Они оба спешили донести друг до друга свои мысли, родившиеся когда-то или только что, и отметали языковые стереотипы, мешавшие им, создавали свои новые, яркие и понятные друг другу. Это было, как наркотическое опьянение. Он не спал по полночи, не в силах успокоиться после каждого разговора с ней, ему уже даже не очень хотелось кататься, он только и ждал вечера, чтобы снова наброситься на нее со всеми мыслями, что скапливались у него и просто распирали, требовали выхода. Она понимала его абсолютно, словно сидела в его голове, а он направляющими словами только указывал ей ход своей очередной бредовой мысли-идеи, и она легко по этим направляющим отыскивала в запутанном клубке именно ту нить, которую он желал, чтобы она распутала.

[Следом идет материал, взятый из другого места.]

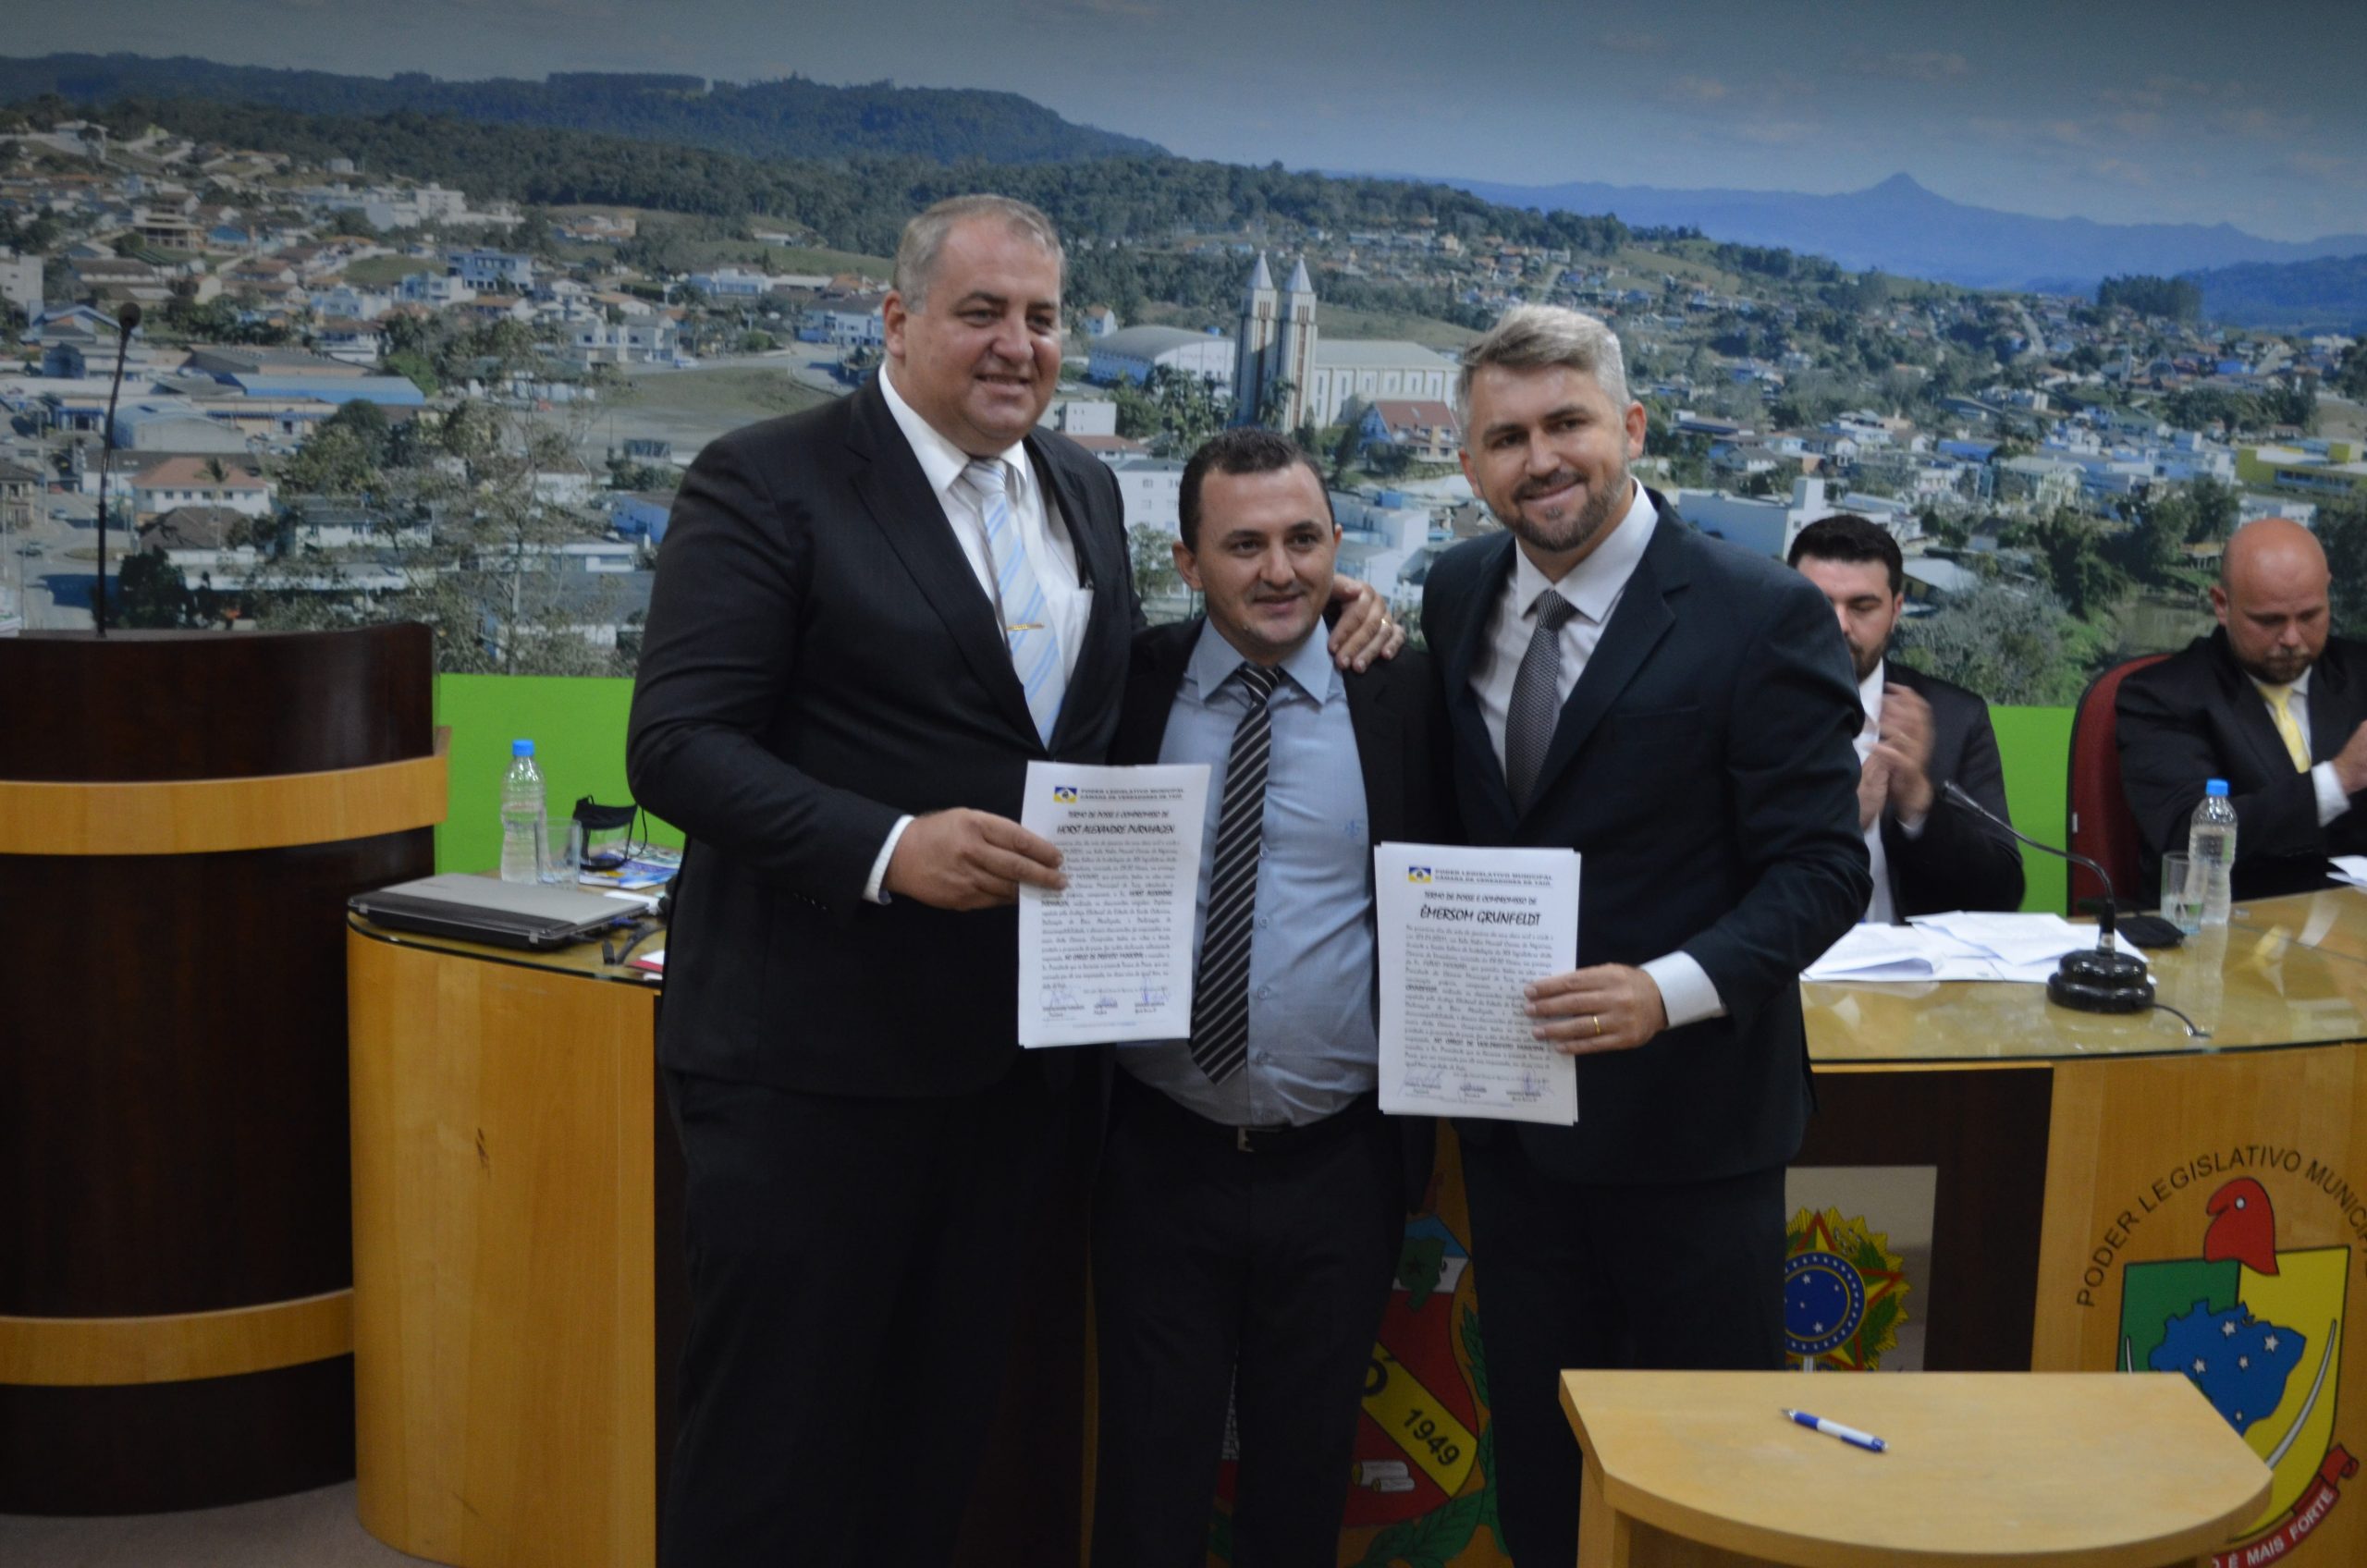 Alexandre Purnhagen e Emerson Grunfeldt são empossados prefeito e vice-prefeito de Taió

Он смотрел ей в лицо и совершенно уже не замечал ни лучиков-морщинок возле глаз, которые видел в первую их встречу, ни седой прядки у виска, ни слишком зрелой груди, отличной от тех, что всегда нравились ему у девочек. Ничего этого не было, все это проплывало мимо его сознания, он не мог без нее обходиться. Ему казалось, что если она вдруг не придет на ужин, то он просто сойдет с ума. Однажды, где-то на десятый день их знакомства, она задержалась в номере, потому что они оба ходили на вечернее катание и даже встречались пару раз на подъемнике. Он не мог никак ее дождаться и почти в беспамятстве ворвался в ее номер, когда она уже хотела выходить. На него словно затмение нашло, он втолкнул ее обратно в номер и сжал так, что у нее что-то хрустнуло.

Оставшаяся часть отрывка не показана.